Steve Appleton, director of Electrical Services at UK engineering company Ramboll UK, added, “it is standard practice when building or refurbishing to install multiple cable networks to carry lighting, ring mains, internet, intercom, telephone, and television. Thus adding a secondary DC electrical network is perfectly feasible, particularly if this network is in fact simply an extension of the lighting ring. In existing buildings, the conversion of the existing lighting circuit to a DC system and extension to provide DC sockets may be realised at modest cost.”
What DC microgrid products are available today?

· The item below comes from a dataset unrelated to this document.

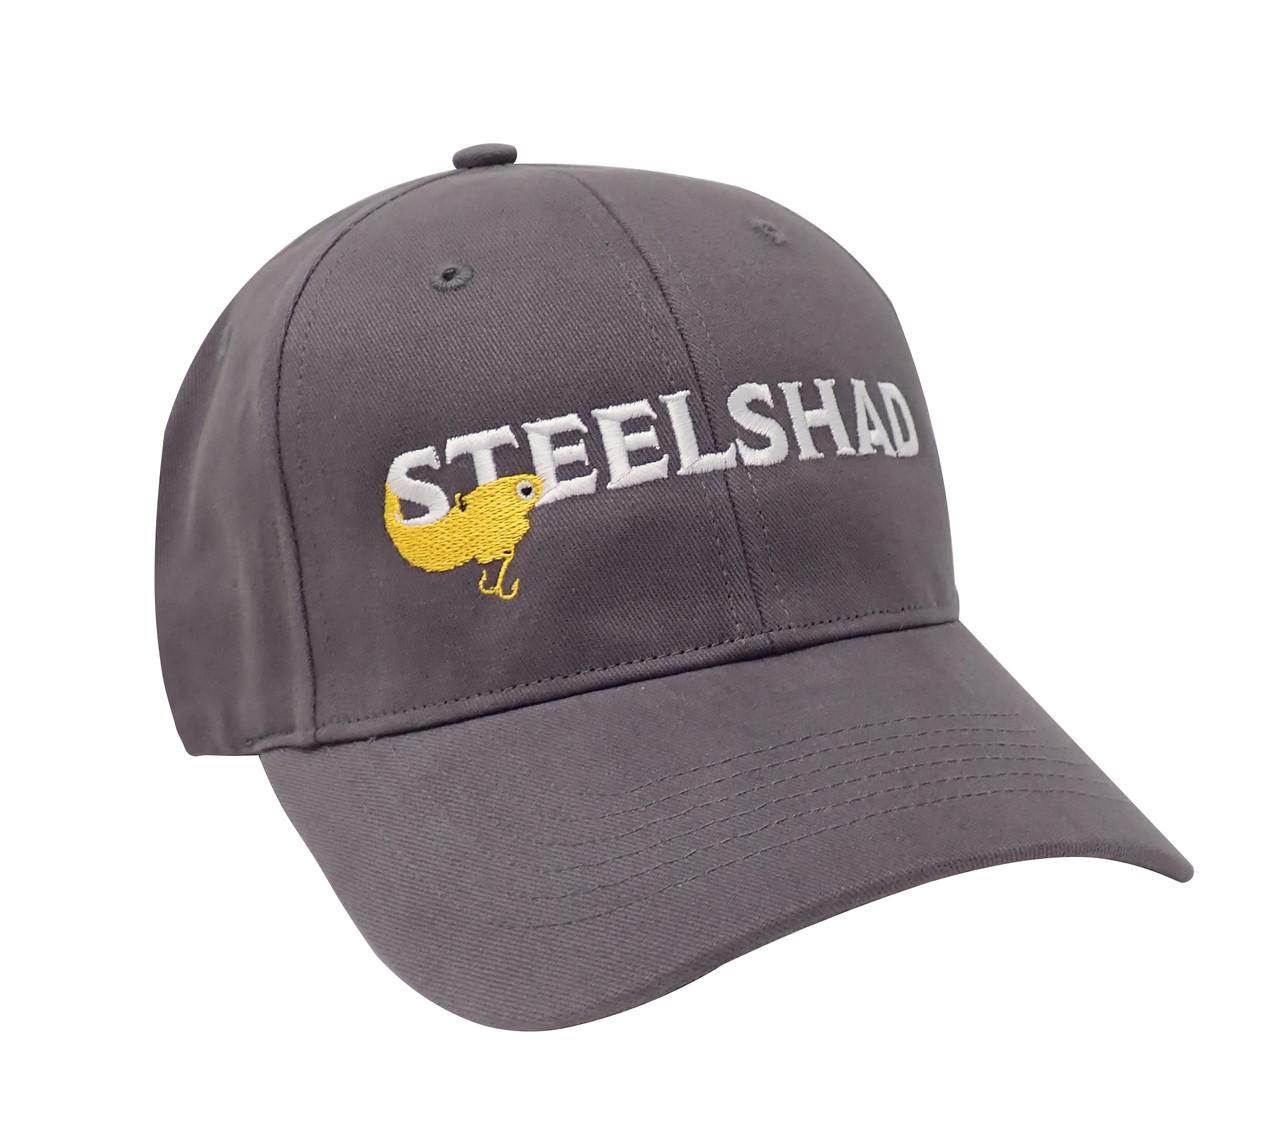 SteelShad Hat - Gray Twill - White Logo/Yellow Lure

In June 2009 the Low Carbon and Fuel Cell Knowledge Transfer Network brought together pioneers of DC microgrid component technologies to discuss near-term applications and sense-check the concept in the current technical, legislative and economic climate.
All of the components are in existence today and, if not already, will be available in plug-and-play form within 2 years:
- Moixa Energy is developing a ‘Home Energy Server’ to provide DC microgrid control as well as consumer engagement and monitoring of AC mains devices. First field trials are scheduled for late in 2009 with further trials in early 2010, and full roll-out possible from the end of 2010;
- Horizon Fuel Cell provides off-the-shelf fuel cell stacks from 12W-5kW. Whilst these stacks are not yet plug-and-play, Horizon have produced over a million fuel cell devices for consumer markets and are partnering with several OEMs to develop small fuel cell generators.
- BOC, a member of the Linde Group, has been supplying hydrogen for decades and is currently field trialling a new consumer friendly mini-cylinder suitable for microgrid applications along with a plug-and-play hydrogen fuel cell generator. The first target market is off-grid offices i.e. on construction sites.
- Sun Microsystems has for several years been selling a 4-watt virtual client computer which is ideally suited to DC microgrid applications in offices and educational settings;
- Philips has embraced LED for a very wide range of applications including internal residential and commercial, as well as external lighting.
Further information: what is a DC Microgrid?
A DC microgrid comprises:
- DC power generation (i.e. fuel cell, solar PV panels, or micro wind turbines);
- DC electrical storage (i.e. battery or super capacitor);
- DC power distribution (i.e. wiring and control);
- DC gadgets (i.e. laptops, telephones, satellite TV controllers);
- DC lighting (i.e. LEDs).
Whilst homes generally require an AC supply for inherently “high” power devices such as washing machines, kettles and hairdryers, there are a surprising number of environments, such as site offices and outdoor events, where these devices are not used.
In such cases a DC microgrid could be the sole power provider. The elimination of invertor cost, simplified installation and reduced fuel costs yielded by a DC microgrid system potentially make it cost effective to operate independently of the electricity grid and conventional mains-power generators.